Therefore, the adsorption capacity is large, and the adsorption capacity, the adsorption force, and the immobilization force can be controlled.
In addition, since the sugar side chains are bonded by urea bonds, the association form is not spherical as in the case of benzamide type sugar side chain type polymers and the cohesive force is weak, or the sugar chain is linear as in the case of amide type polymers. There is no disadvantage that the isomers are mixed and the physical properties are not stable.

Hereinafter, the present invention will be described in detail.
The sugar side chain type urea polymer referred to in the present invention is a polymer represented by the formula (2) obtained by polymerizing the sugar side chain type urea monomer represented by the formula (1).
In the formula, R ₁ represents a hydrogen atom or a methyl group, n represents an integer of 2 or more, G represents a saccharide residue, and is a saccharide residue capable of converting the anomeric position to an amino group. Specific examples of such saccharides include glucose having a glucopyranosyl residue, cellobiose having a binding mode of β-1,4, cellotriose, cellotetraose, cellooligosaccharide obtained by decomposing cellulose, and mixtures thereof, α-1, Maltose, maltotriose, maltotetraose, malto-oligosaccharides having degraded amylose and mixtures thereof, galactose, lactose, galacto-oligosaccharides having galactopyranosyl residues, and β-1,6 bonds Examples thereof include reducing sugars such as raffinose, melibiose, and gentibiose.
The compound represented by formula (1) or formula (2) can be produced, for example, according to the method described in JP-A No. 2004-203870 developed by the present inventors.

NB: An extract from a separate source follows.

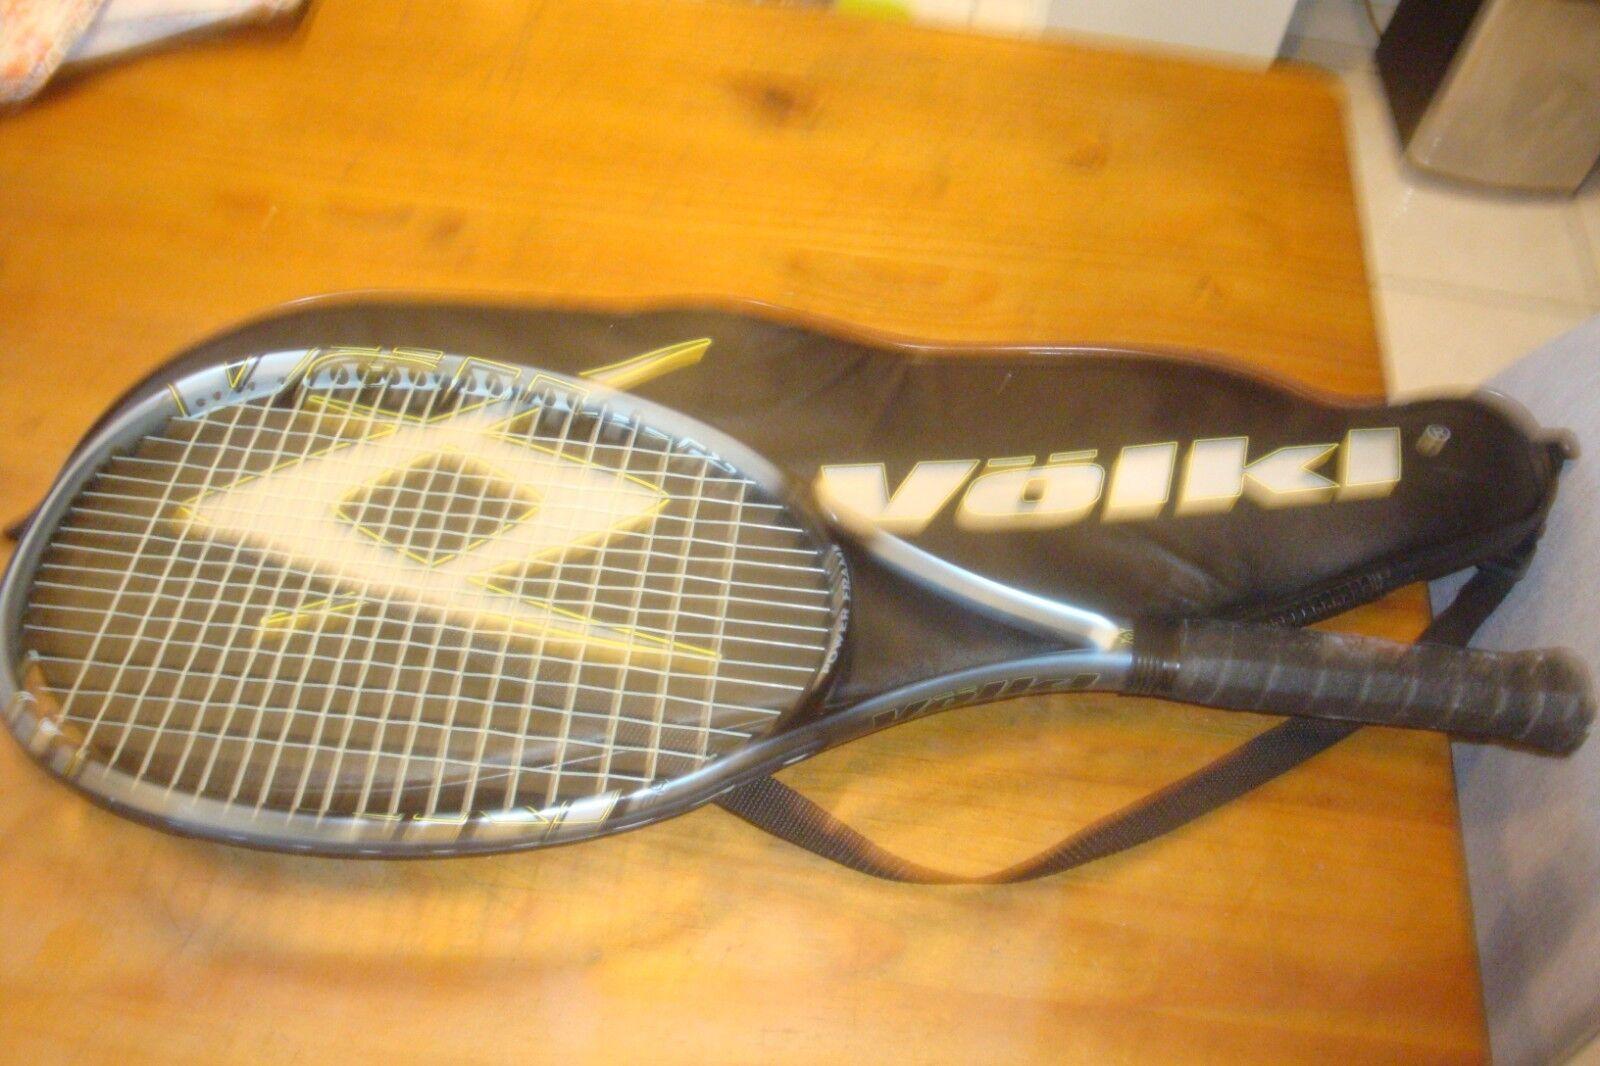 VOLKL HS1 Hot Spot Titanium 102 Mid Plus Tennis Racquet 4 1 2   VERY GOOD

  The lectin adsorbent of the present invention comprises the polymer of the above formula (2), and the saccharide residue of the polymer can be appropriately selected according to the target lectin.

Further, in the polymer represented by the formula (2), those having different saccharide residues (copolymerized compounds represented by the formula (1) having different saccharide residues) or different saccharide residues A blend of homopolymers having groups can also be used.
These include functional groups including glucopyranosyl structure, maltose structure, mannopyranosyl structure, galactopyranosyl structure, 6-deoxygalactopyranosyl structure, N-acetylgalactosaminyl structure, N, N′-acetylchitobiose structure It can be used as an adsorbent for two or more lectins as a multi-molecular element having specific affinity for two or more lectins having the property of binding to each other.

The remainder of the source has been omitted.